_Your goal:_ Set down every entry again word for word, please, but skip the pictures.

_Exercise data:_
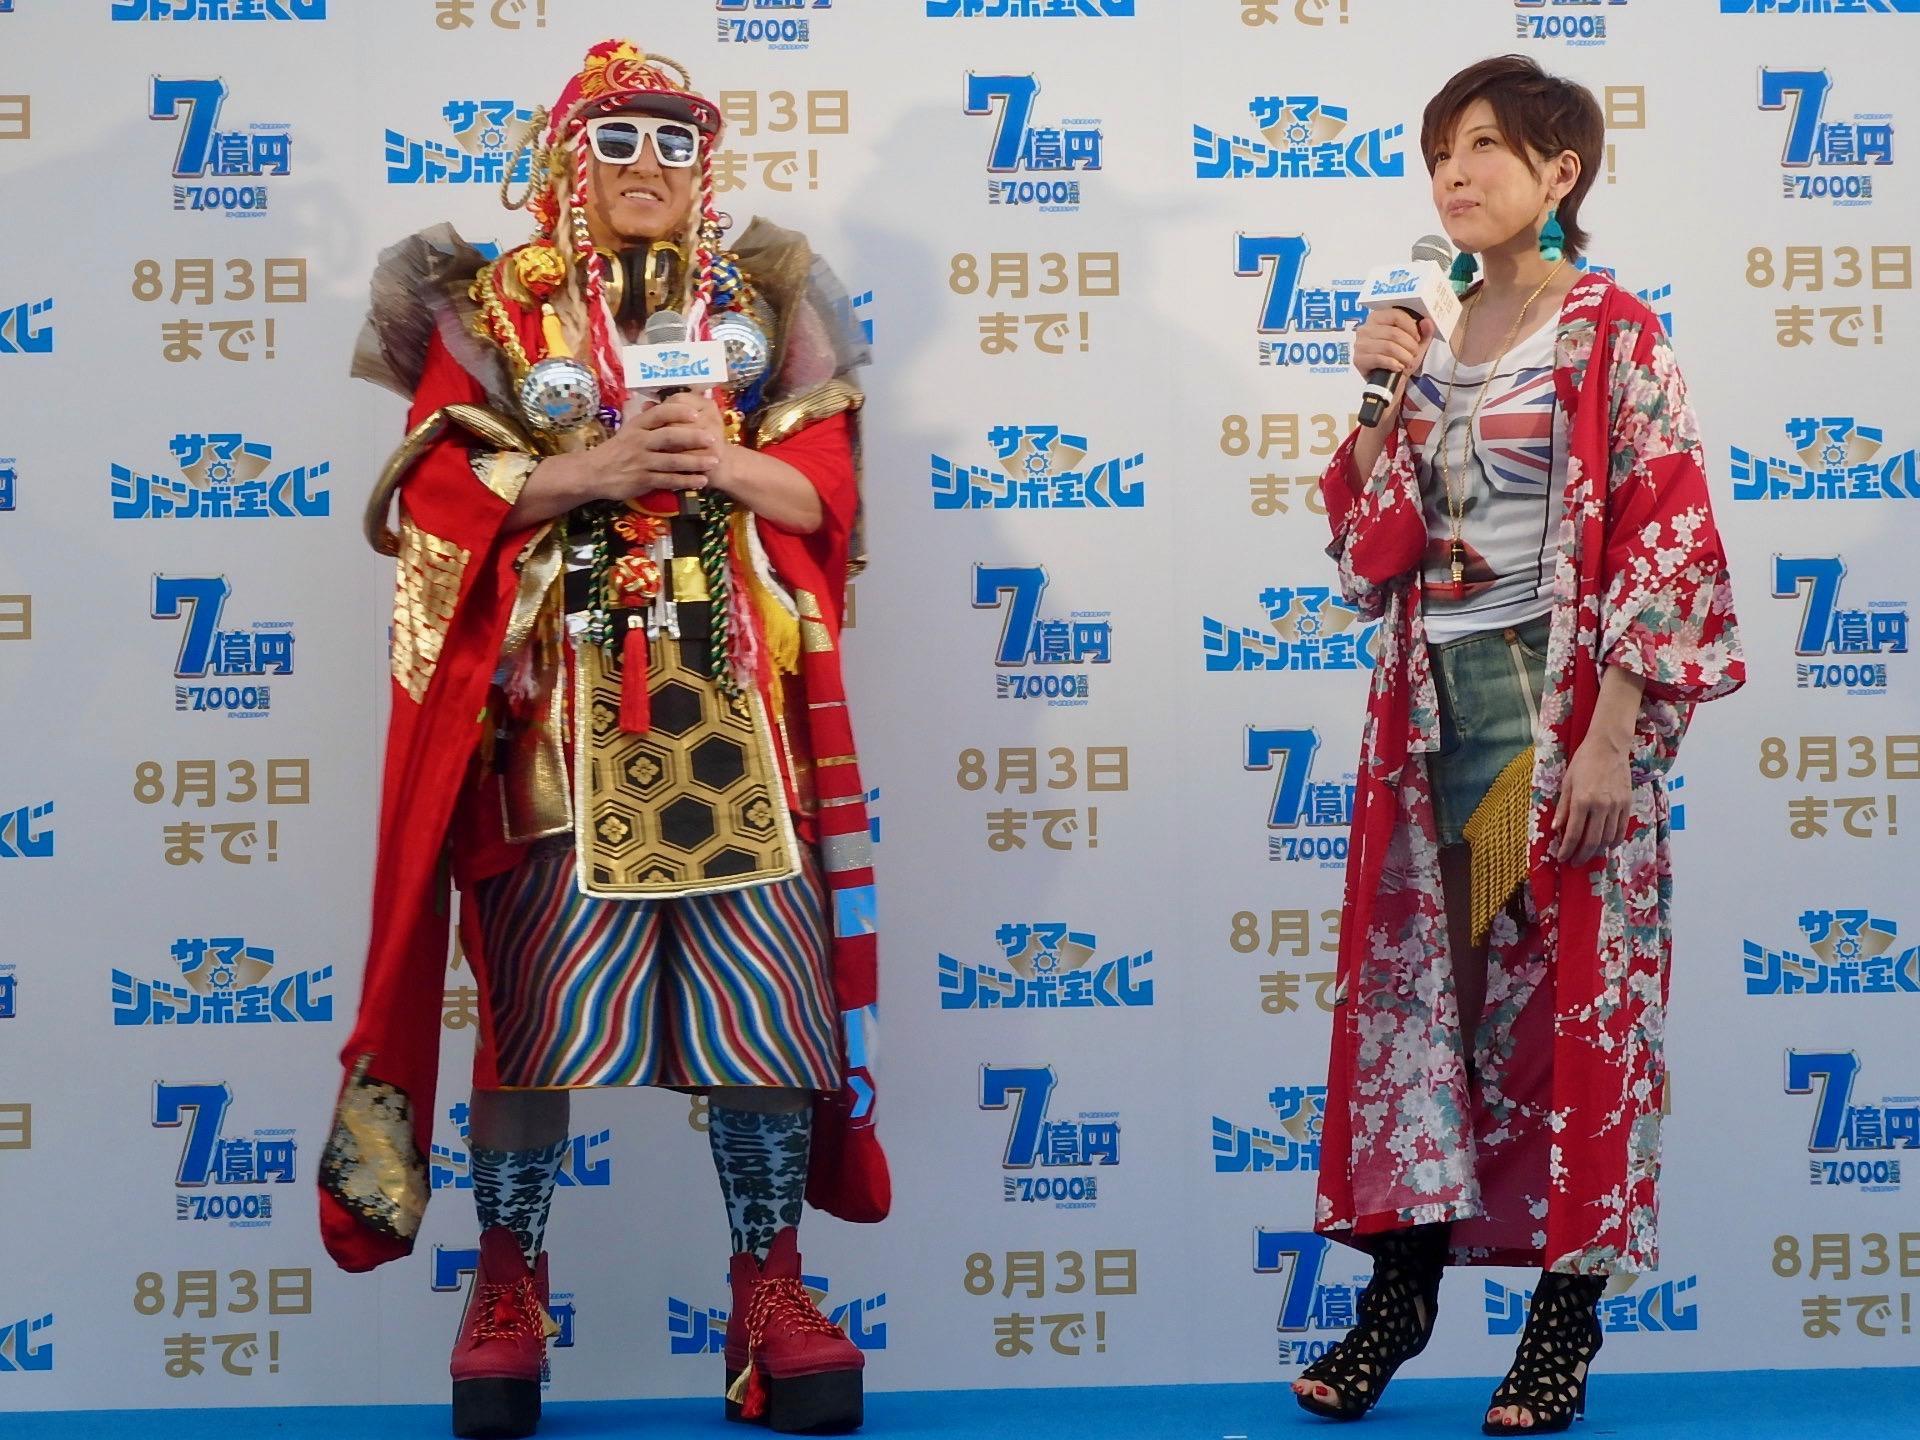 http://news.yoshimoto.co.jp/20180709202759-97ccf45b54797b821cb8e7501fbc1cb5fdfe11f3.jpg
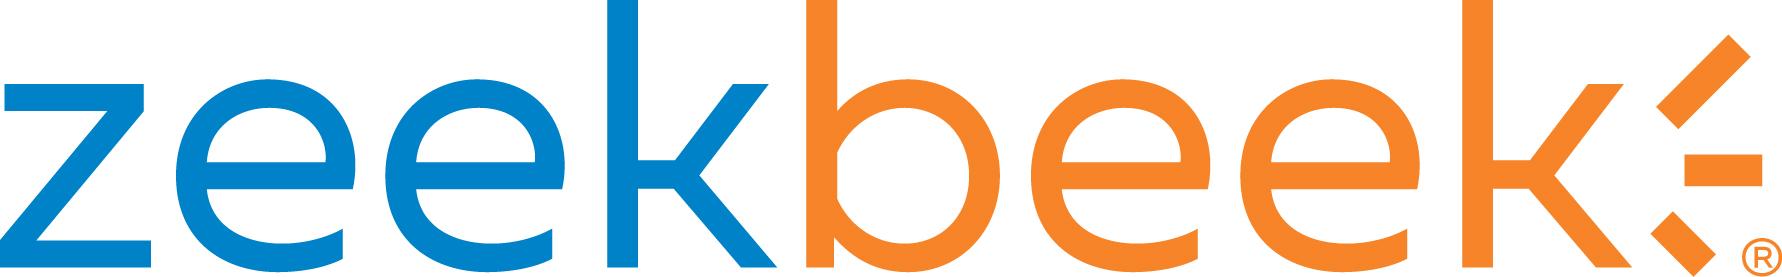 ZeekBeek/CloudLaw, Inc.
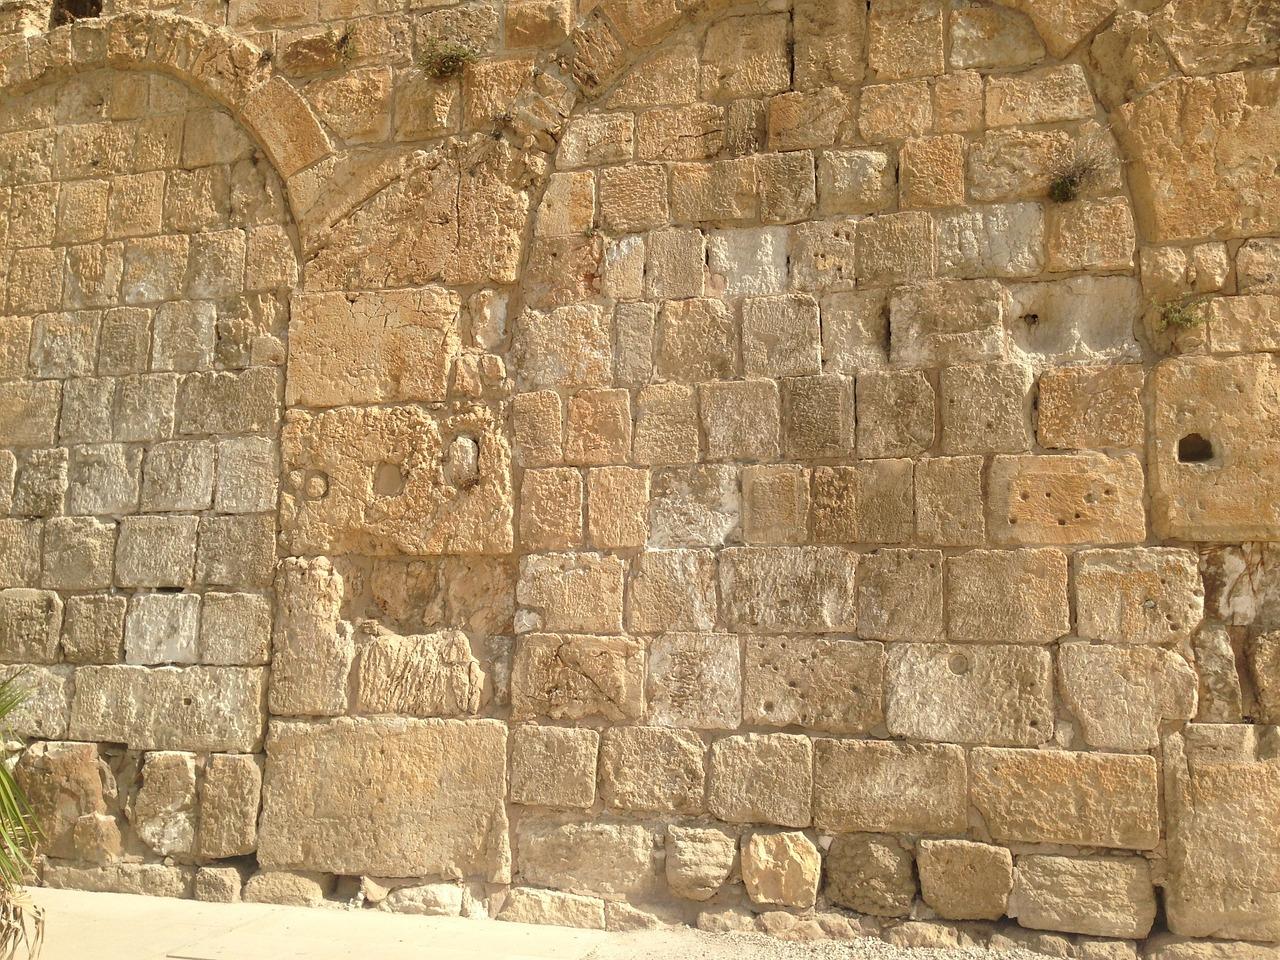 Jerusalem Stone, Hulda Gates arches filled in
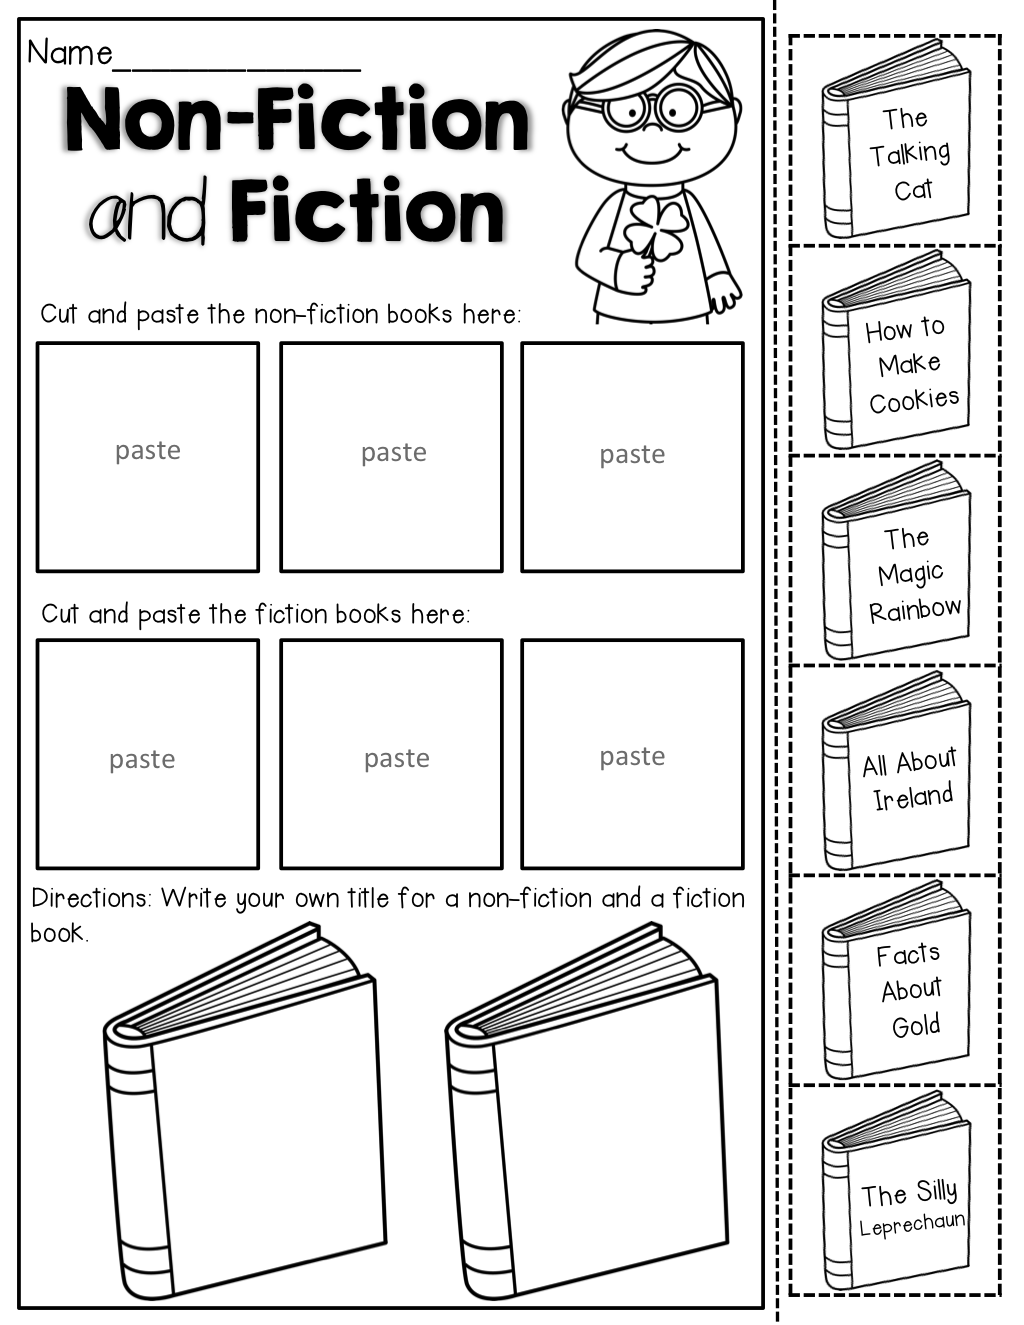 small resolution of https://dubaikhalifas.com/class-visit-worksheet-fiction-vs-non-fiction/
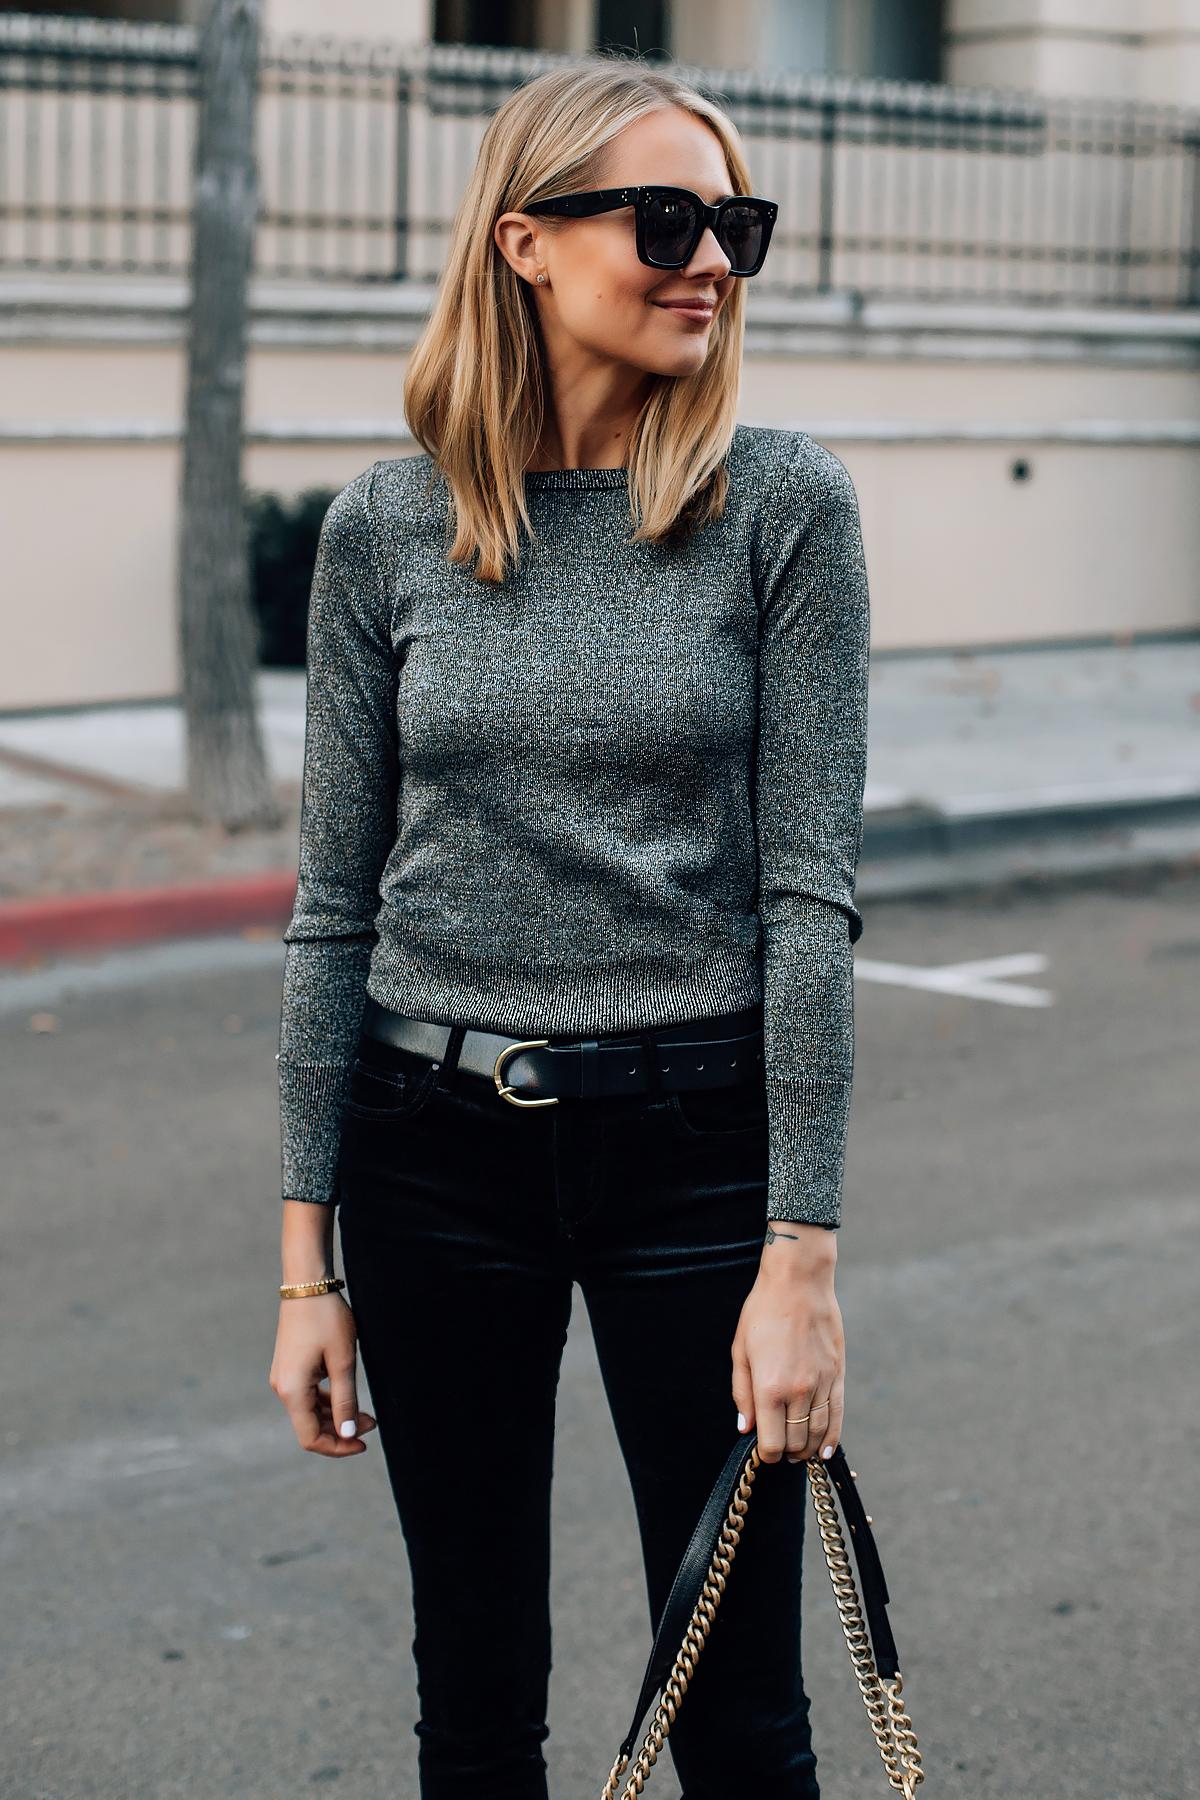 Blonde Woman Wearing Metallic Sweater Black Velvet Jeans Fashion Jackson San Diego Fashion Blogger Street Style

_Response:_
 http://news.yoshimoto.co.jp/20180709202759-97ccf45b54797b821cb8e7501fbc1cb5fdfe11f3.jpg
 ZeekBeek/CloudLaw, Inc.
 Jerusalem Stone, Hulda Gates arches filled in
 small resolution of https://dubaikhalifas.com/class-visit-worksheet-fiction-vs-non-fiction/
 Blonde Woman Wearing Metallic Sweater Black Velvet Jeans Fashion Jackson San Diego Fashion Blogger Street Style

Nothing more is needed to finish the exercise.